Uppsala Group on Multiword Expressions
(Aaron Smith, Alessandro Lenci, Anders Johannsen, Jan Hajic, Marie-Catherine de Marneffe, Veronika Vincze)
The group discussion involved three main topics: the treatment of light verb constructions, the treatment of other MWEs and multiword abbreviations.
Light verb constructions (LVCs)
Currently there are three different approaches in the UD treebanks concerning the treatment of LVCs (see a forthcoming poster at the next PARSEME meeting):
- LVCs are not distinguished from normal verb+argument phrases (as in English), e.g. take a flight to Stockholm is annotated similarly to give a book to Mary: both arguments are attached to the verb
- LVCs are marked structurally (as in Swedish), e.g. in take a flight to Stockholm, Stockholm is attached to flight rather than to the verb
- LVCs are marked with extended labels (as in Hungarian), e.g. in take a flight, flight has a special label (
dobj:lvc
) that marks its syntactic function and its being an LVC component
During the discussion, we argued that in LVCs, the syntactic and semantic heads of the structure are different, hence we should treat syntactic and semantic aspects differently. We propose to apply a simple syntactic relation between the verb and its argument at the syntactic level, whereas the argument of the construction should be attached to the noun whenever it is possible (i.e. the noun and the argument can stand on their own without the verb). However, the LVC-ness of the construction should be marked at the semantic level, i.e. as an enhanced relation.
Multiword expressions
As for idioms, we propose a similar annotation scheme: general syntactic labels should be given and idiomacity should be marked at the enhanced (semantic) level.

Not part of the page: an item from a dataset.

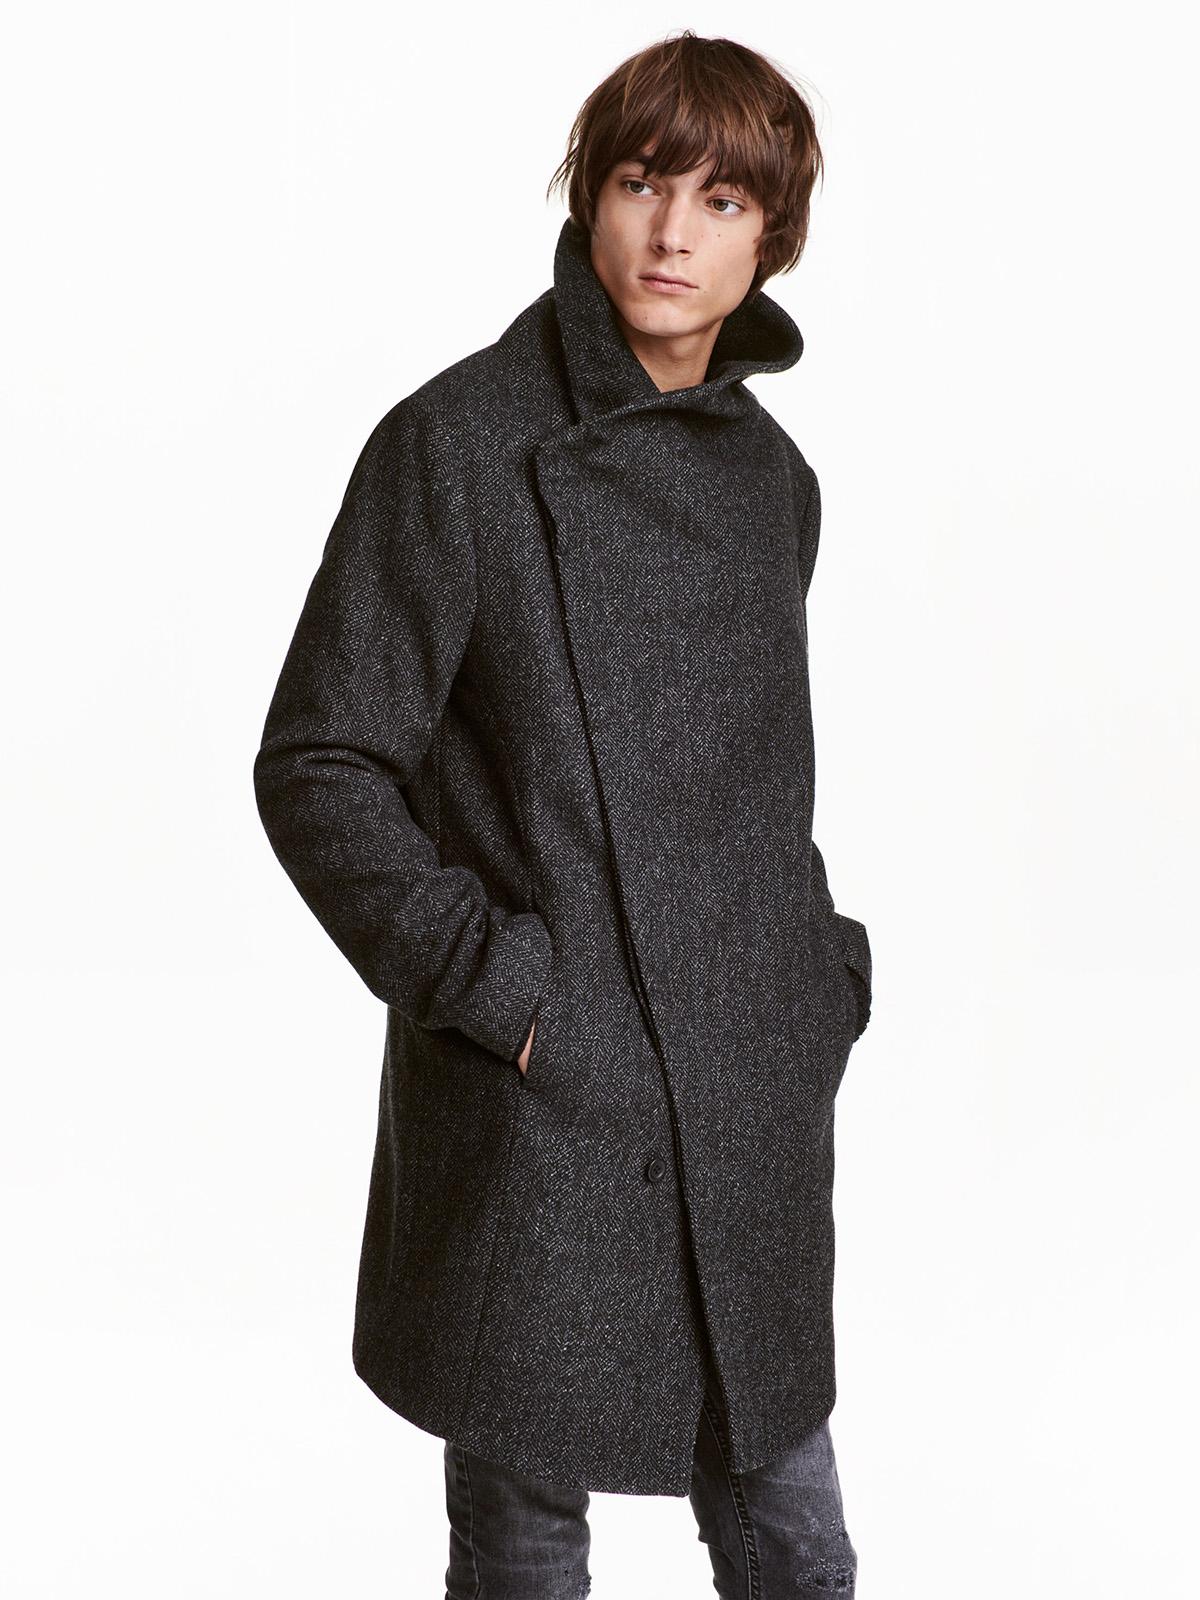 H m мужское купить. Wool Blend Coat пальто мужское\. Пальто мужское HM H. O/N 691410 H/M пальто мужское. Пальто HM мужское.

We clarified the definitions of the relations compound
and mwe
(the existing guidelines do not change):
compound
should be applied only for morphosyntactically non-standard constructions (e.g. noun-noun compounds, adjective-adjective compounds, etc.)mwe
should be applied to less transparent constructions that are similar to collocations (e.g. multiword conjunctions)
Multiword abbreviations
Most tokenizers treat MW abbreviations differently, depending on the fact whether it includes a delimiter within (e.g. e.g.) or not (e.g. etc.). Thus this issue is related to tokenization and is still to be resolved. As a preliminary suggestion, however, we agreed that the relation mwe
(or the enhanced relation mwe:abbrev
) should be applied in between the tokens in case MW abbreviations are to be split up.